Одна из его поэм носит название «Тринадцатый апостол», сам себя он называл сыном Девы Марии («Я, / может быть, / самый красивый / из всех твоих сыновей») и исповедовал своеобразное эзотерическое христианство.

— Насколько я понимаю, для вас это довольно важная вещь — обнаружение некого неортодоксального христианства за богоборческой подкладкой Маяковского или Ницше.

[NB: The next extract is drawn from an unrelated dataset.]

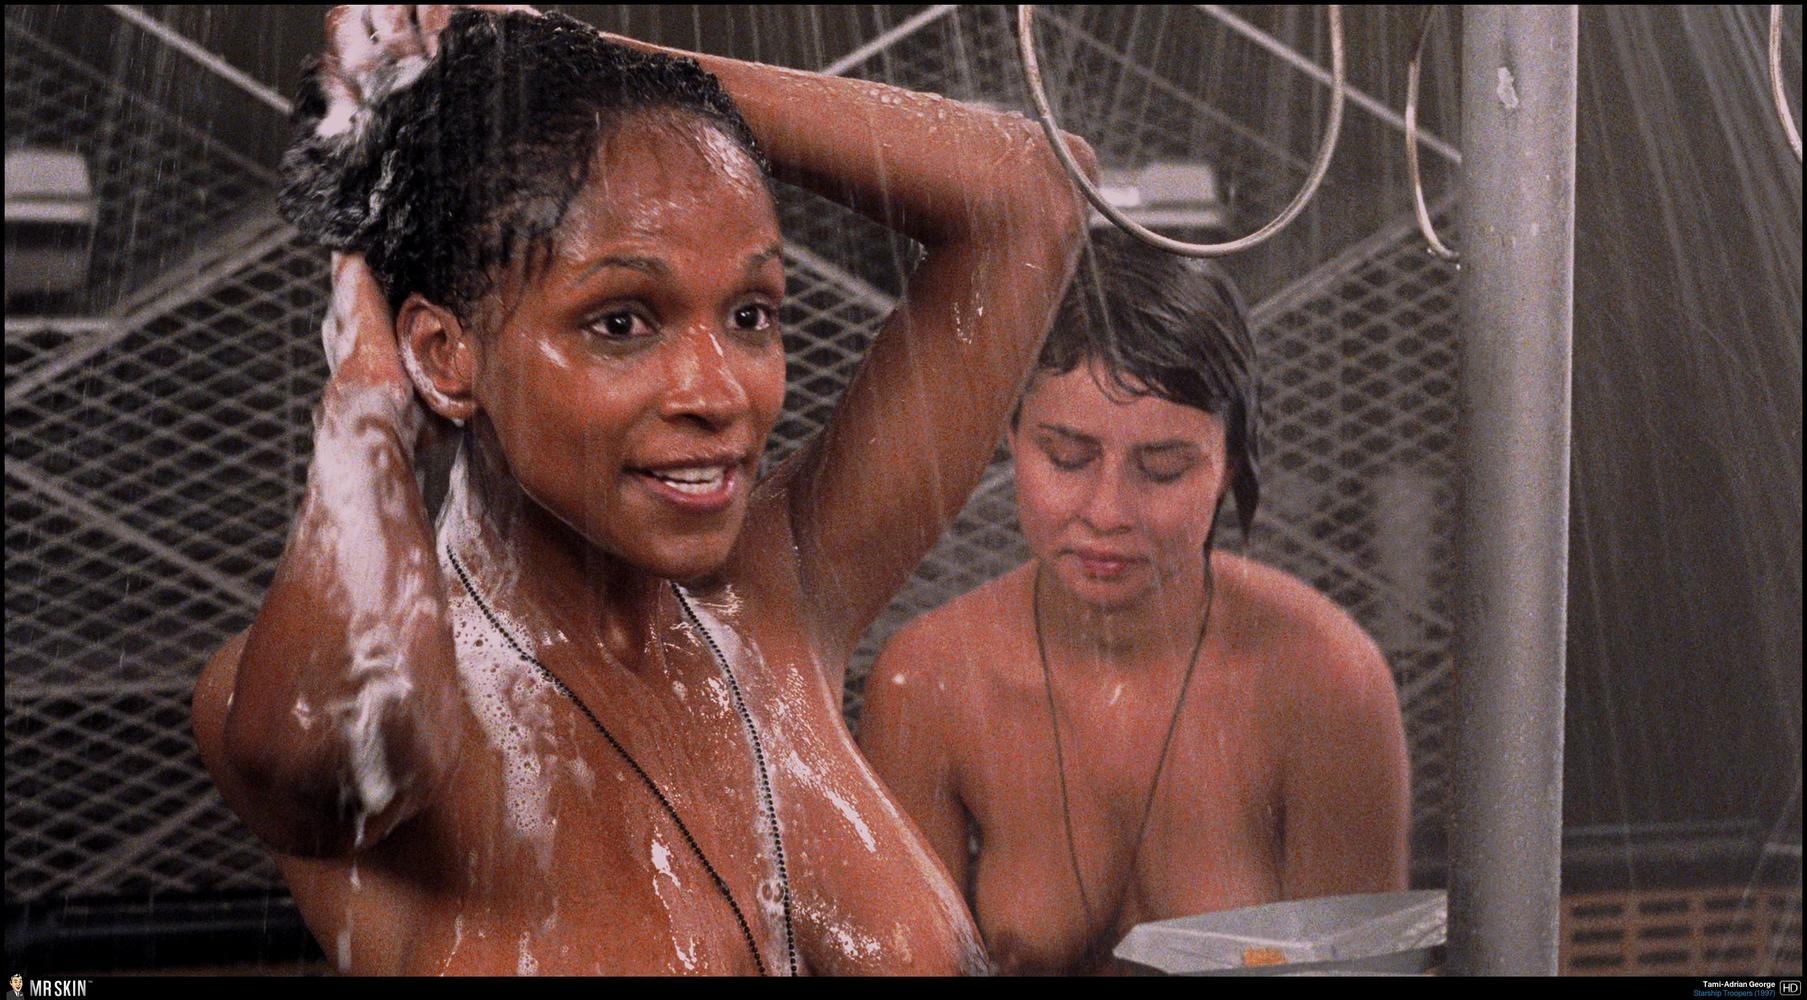 Starship troopers coed shower scene
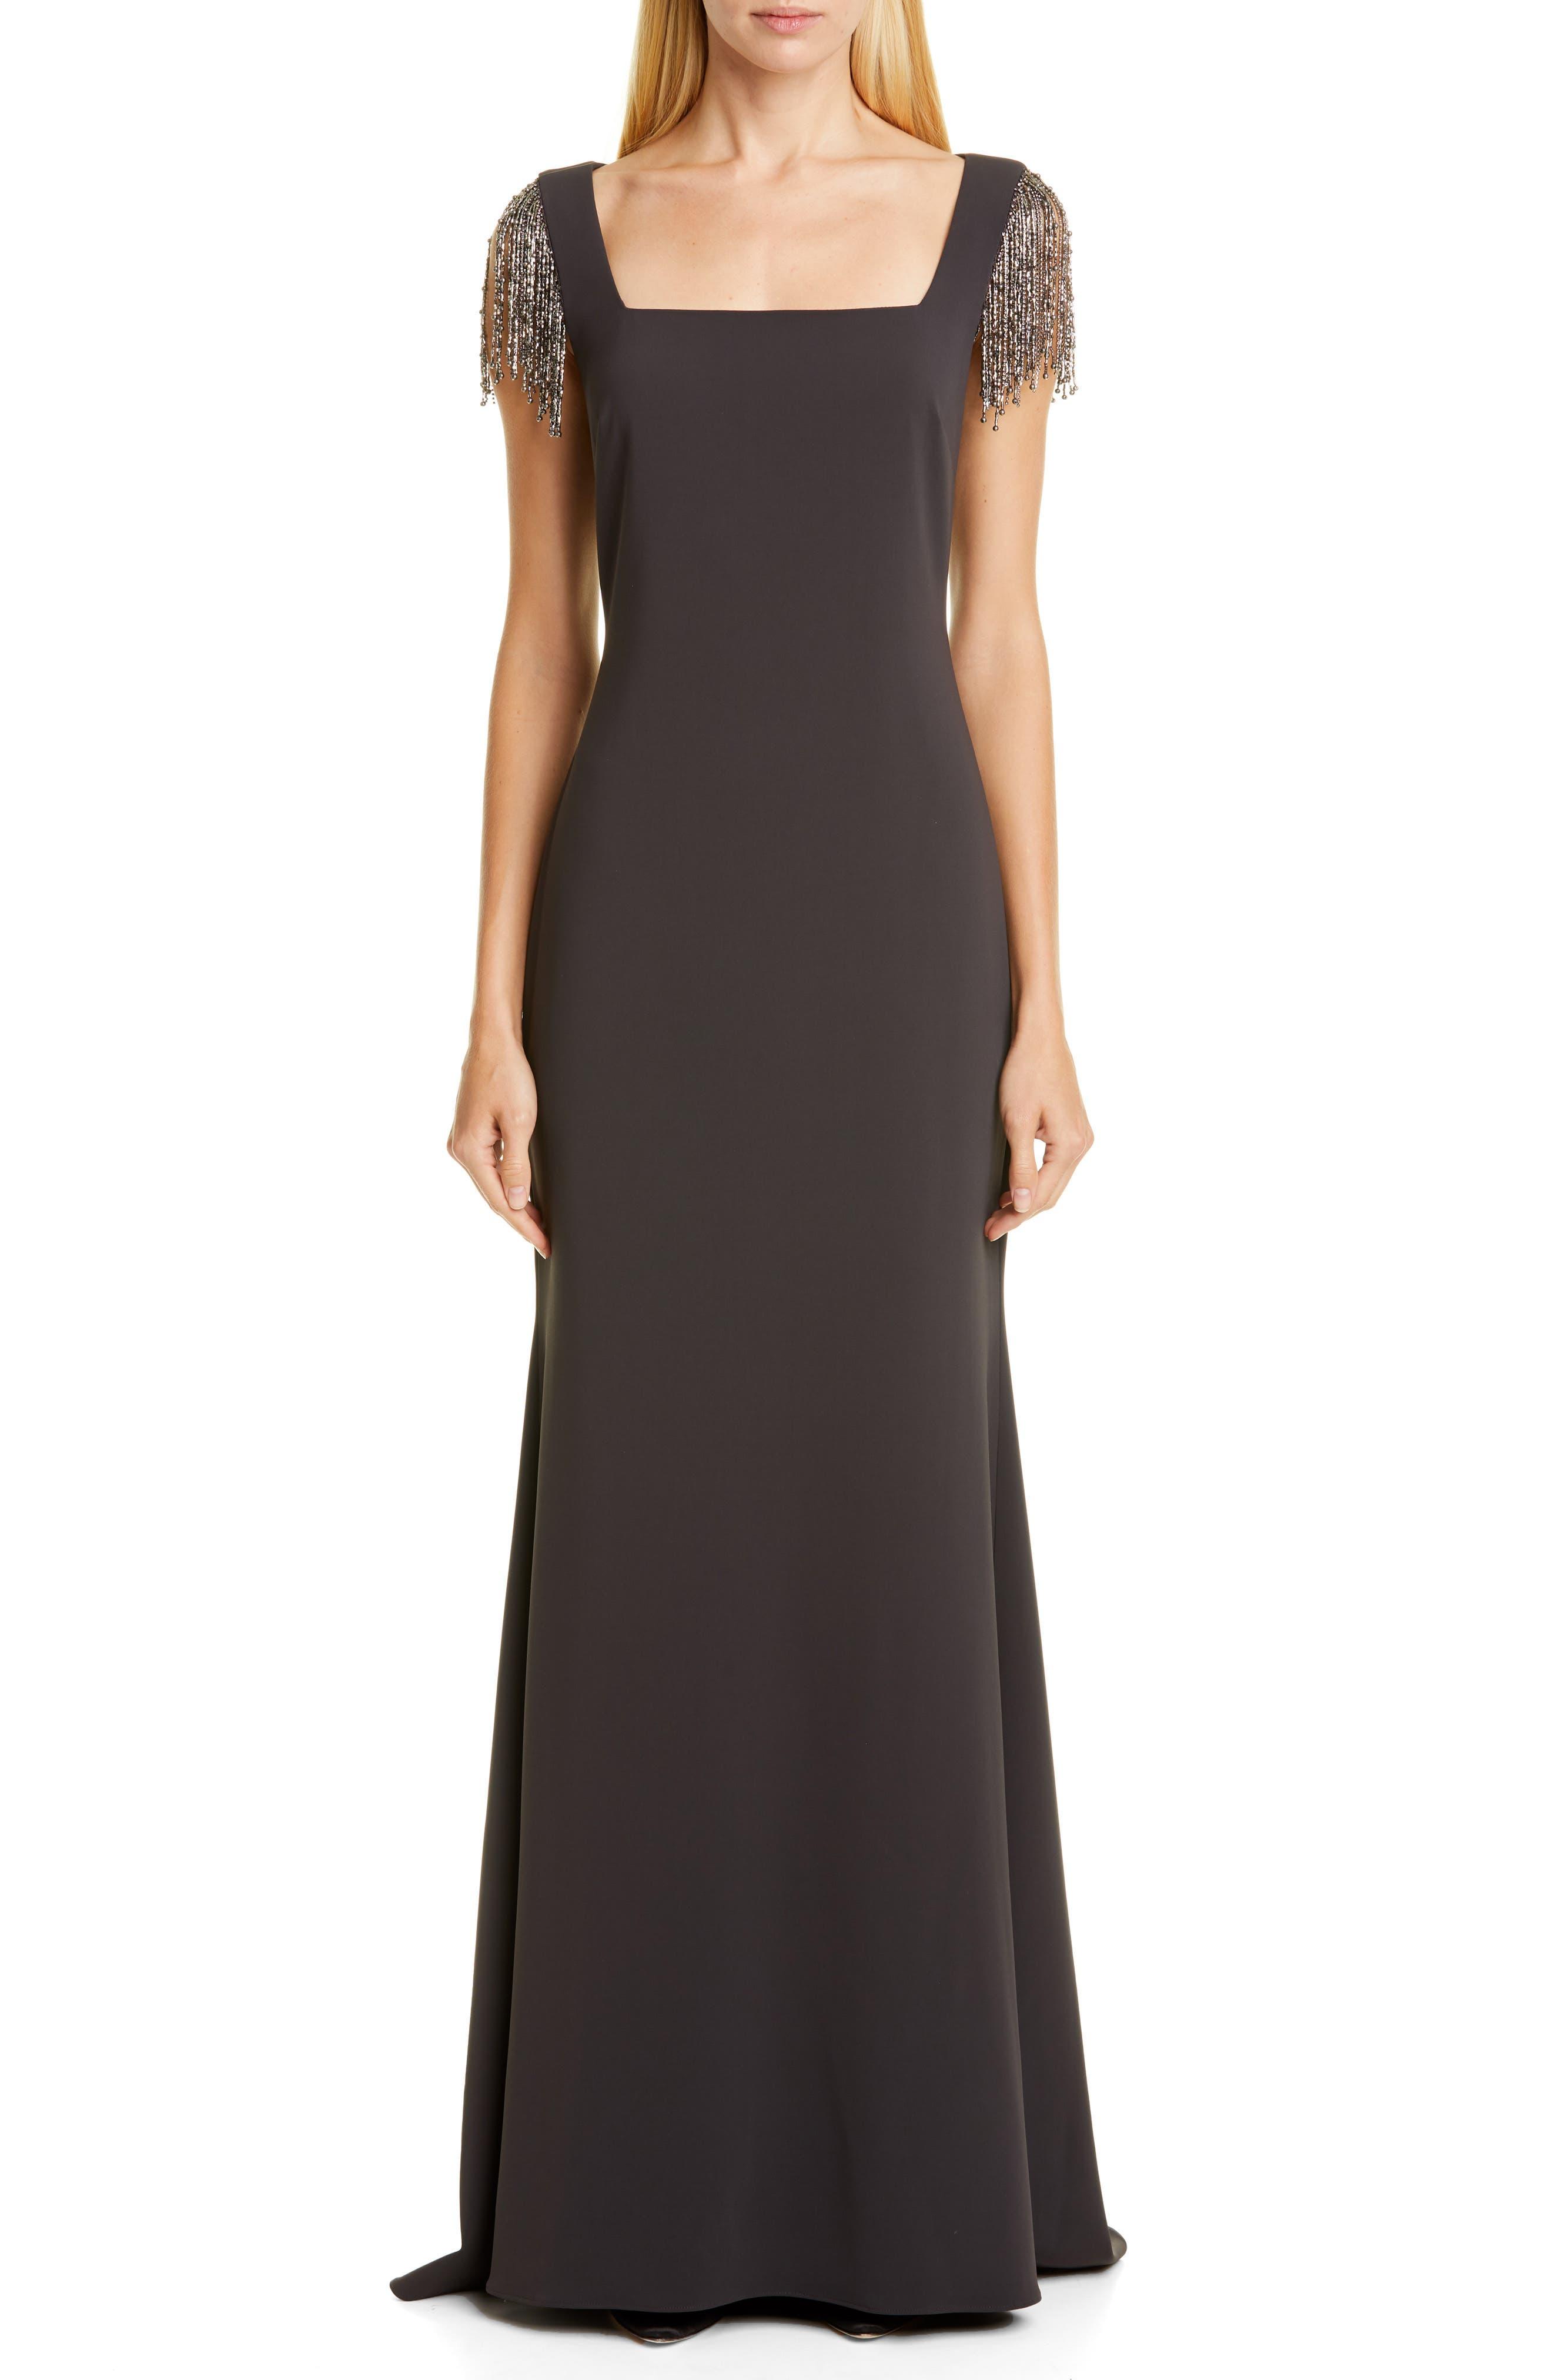 Badgley Mischka Embellished Sleeve Gown, Grey

— Богоборчество Маяковского было христианским. Он выступает за Сына, но против Отца — Бог-Отец пожертвовал Богом-Сыном, и в этом его вина, отсюда такие выпады: «Я думал — ты всесильный божище, / а ты недоучка, крохотный божик». С другой стороны, про себя он говорит: «сегодняшнего дня крикогубый Заратустра» и «Я <...> / может быть, просто, / в самом обыкновенном евангелии / тринадцатый апостол». За Христа и против Бога-Отца — была такая гностическая ересь. Маяковский, вероятно, ничего о ней не знал, он был не очень хорошо образован, но стихийно, интуитивно пришел к этому.

— Подспудная история эзотерического христианства — одна из ваших постоянных тем, вы обнаруживаете его следы в европейской культуре на протяжении чуть ли не всего ее существования.

— Их трудно было бы не обнаружить. Вообще эзотерическое христианство в русском XX веке — очень важная и сложная тема. Например, я предлагал телевидению записать передачу «Махатма Ленин, манихей Сталин», но они не решились. Ленин был так или иначе вовлечен в поволжские веяния в силу своего калмыцкого происхождения: возможно, это был тантрический буддизм, возможно — русское сектантство. Про Сталина так сказать нельзя, Сталин — законченное явление христианской культуры, хотя и неофициальной. Манихейство — учение иранского происхождения: согласно ему, в мире борются два начала, доброе и злое, причем зло преодолевается исключительно злом. По-моему, в этом и есть весь Сталин, во всех его преступлениях эта тема присутствует.

— Как вы думаете, а эта традиция эзотерического христианства где-нибудь заканчивается?

— Она не может быть закончена иначе как на Страшном суде, так что у нас еще все впереди.

— А у более поздних советских писателей вы что-нибудь такое обнаруживаете?

— Я недостаточно хорошо знаком с их творчеством.

— То есть вы вообще советской литературой мало интересуетесь?

— Честно говоря, да.

— Потому что она слабовата в сравнении с европейской?

— В сравнении с русской. Вообще удивительна невероятная деградация русской литературы — вернее, русскоязычной, русской я назвать ее не могу, — которая произошла в условиях установившейся в прошлом веке конъюнктуры. Жесткий контроль сверху исключает возможность существования прозы. Поэты еще бывали, но, что касается прозы, даже у крупных писателей заметна деградация — скажем, у Трифонова.

— А те, кто еще успел застать русскую культуру, — Пришвин, Паустовский?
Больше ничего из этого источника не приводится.